#### [About this exercise]
Each line below must be reproduced exactly as it stands. Pictures stay out of the copy.

[Data Boundary: Start]

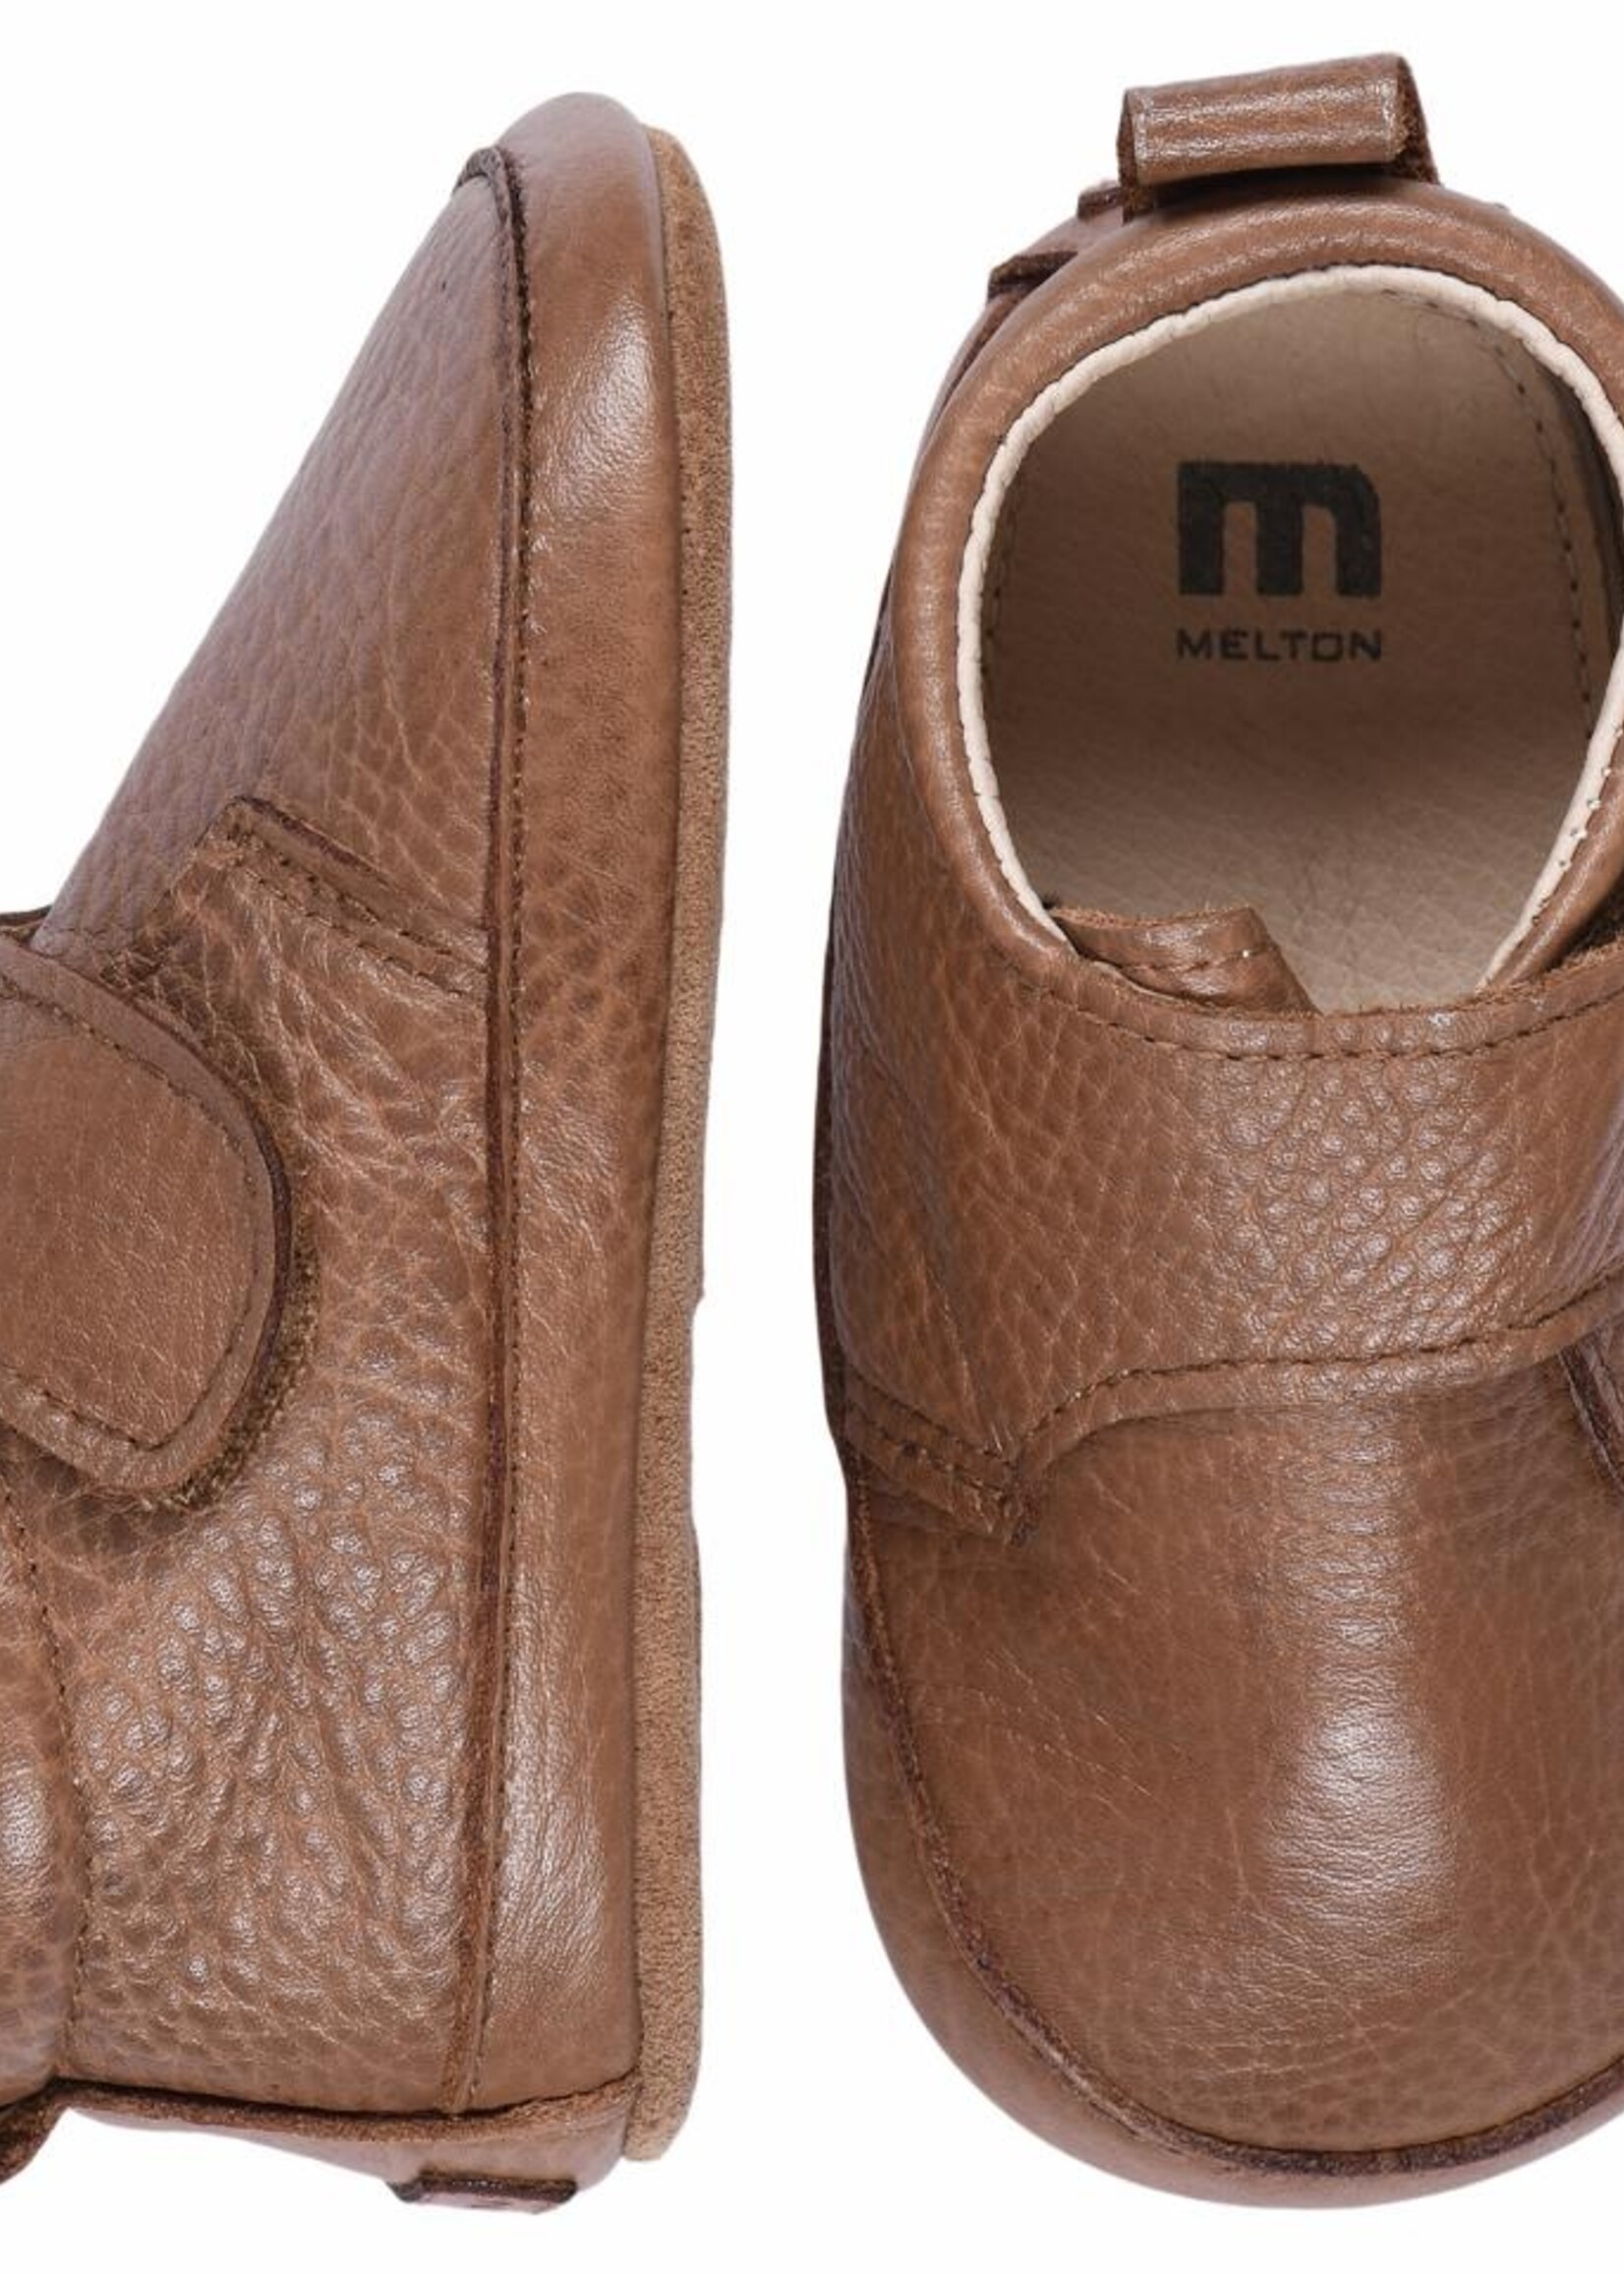 MP Denmark Melton | Luxury leather slippers - Tortoise shell 451
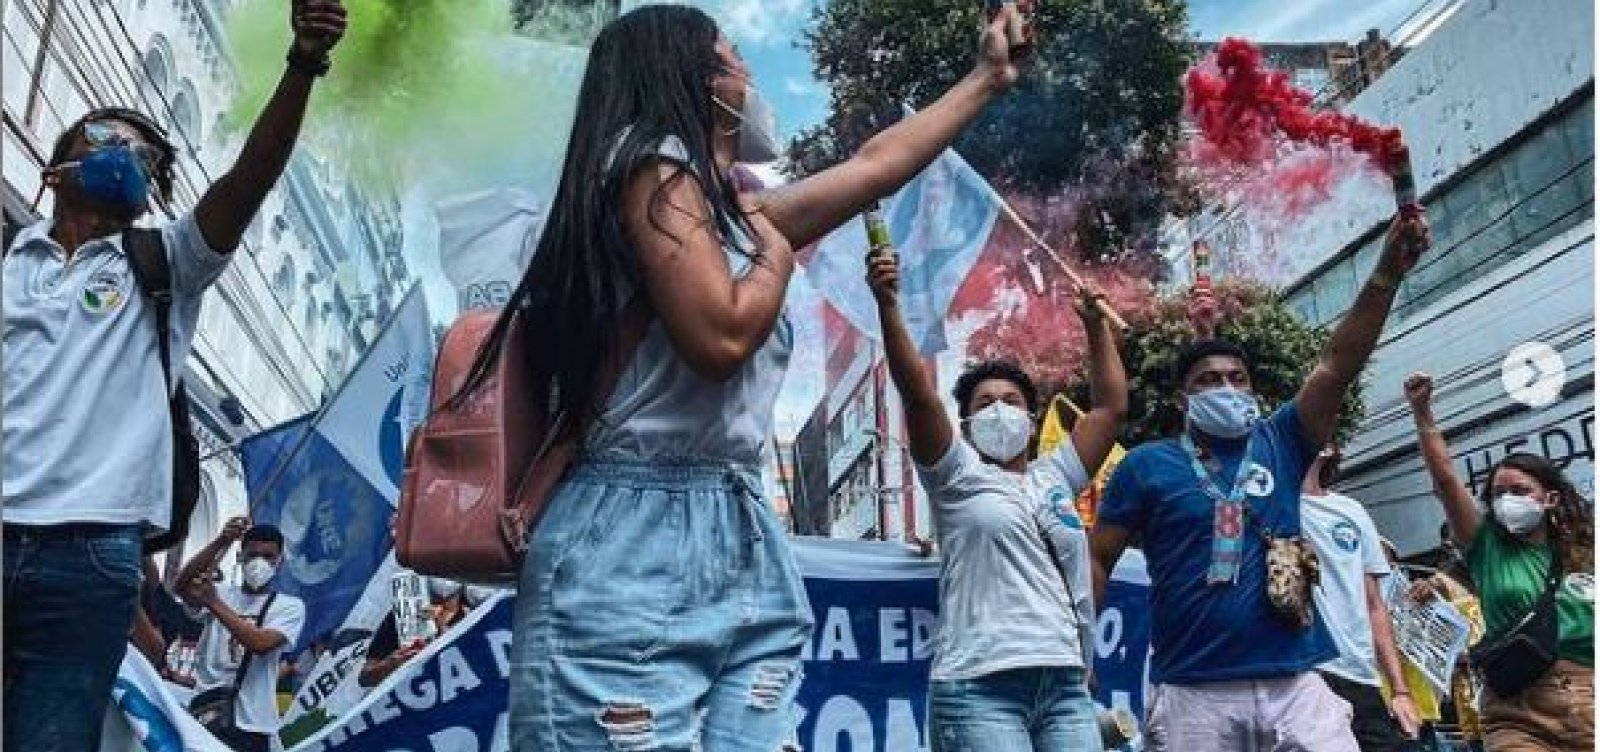 Oposição volta às ruas neste sábado contra Bolsonaro com atos em mais cidades e reforçada por novos apoios
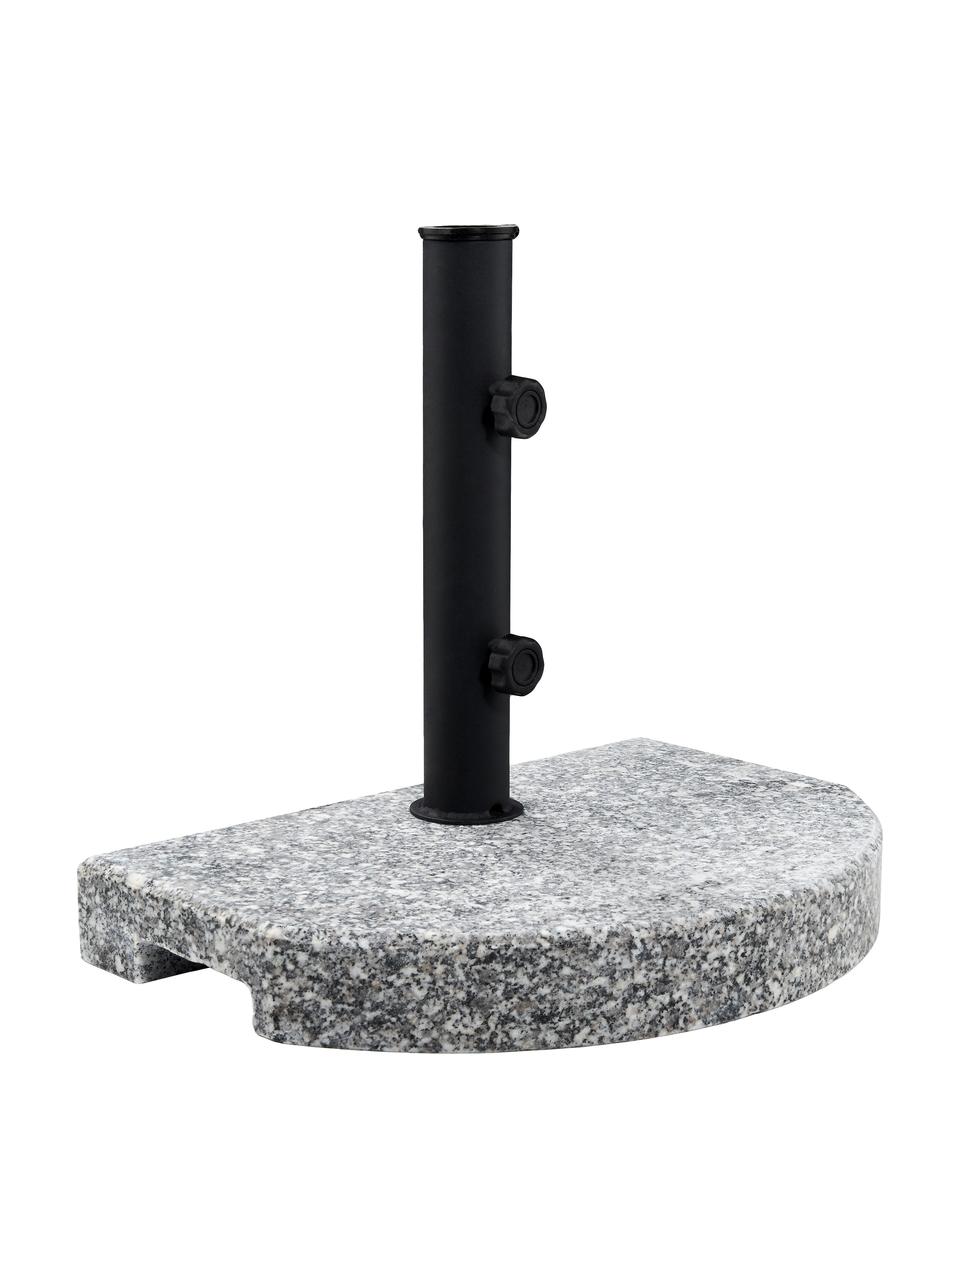 Sonnenschirmständer The Rock, Granit, Stahl, beschichtet, Grau, Schwarz, 40 x 33 cm
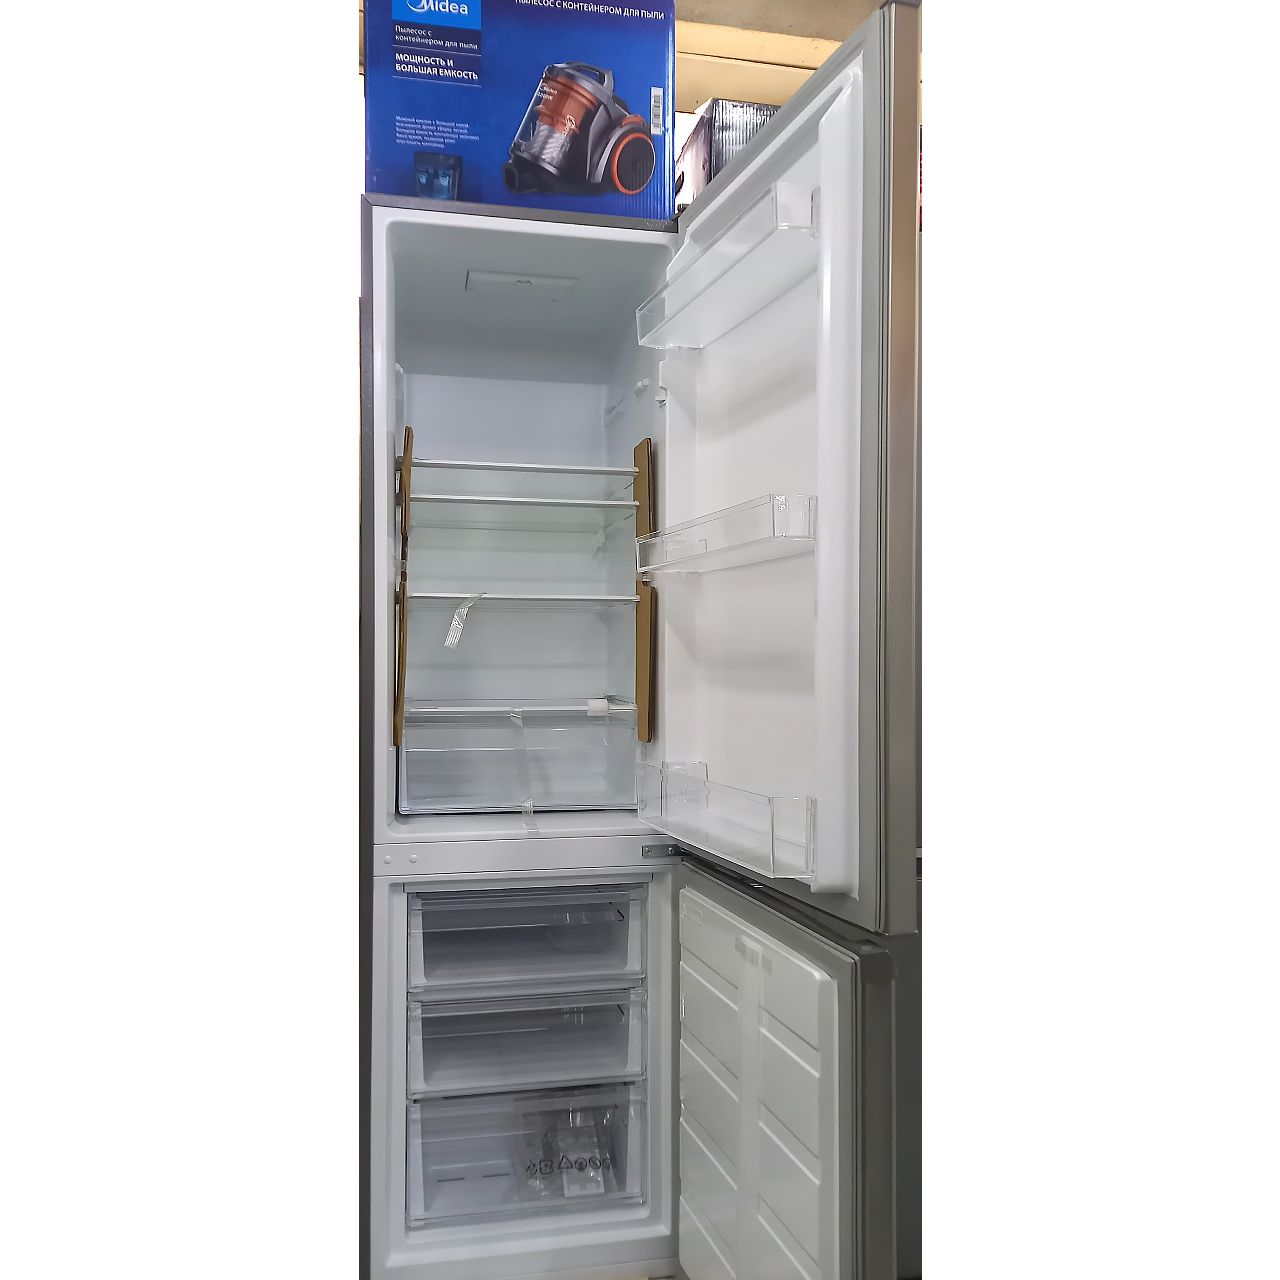 Холодильник двухкамерный Blesk 259 литров

[Data Boundary: End]

#### [Response below]
 MP Denmark Melton | Luxury leather slippers - Tortoise shell 451
 Oposição volta às ruas neste sábado contra Bolsonaro com atos em mais cidades e reforçada por novos apoios
 Sonnenschirmständer The Rock, Granit, Stahl, beschichtet, Grau, Schwarz, 40 x 33 cm
 Холодильник двухкамерный Blesk 259 литров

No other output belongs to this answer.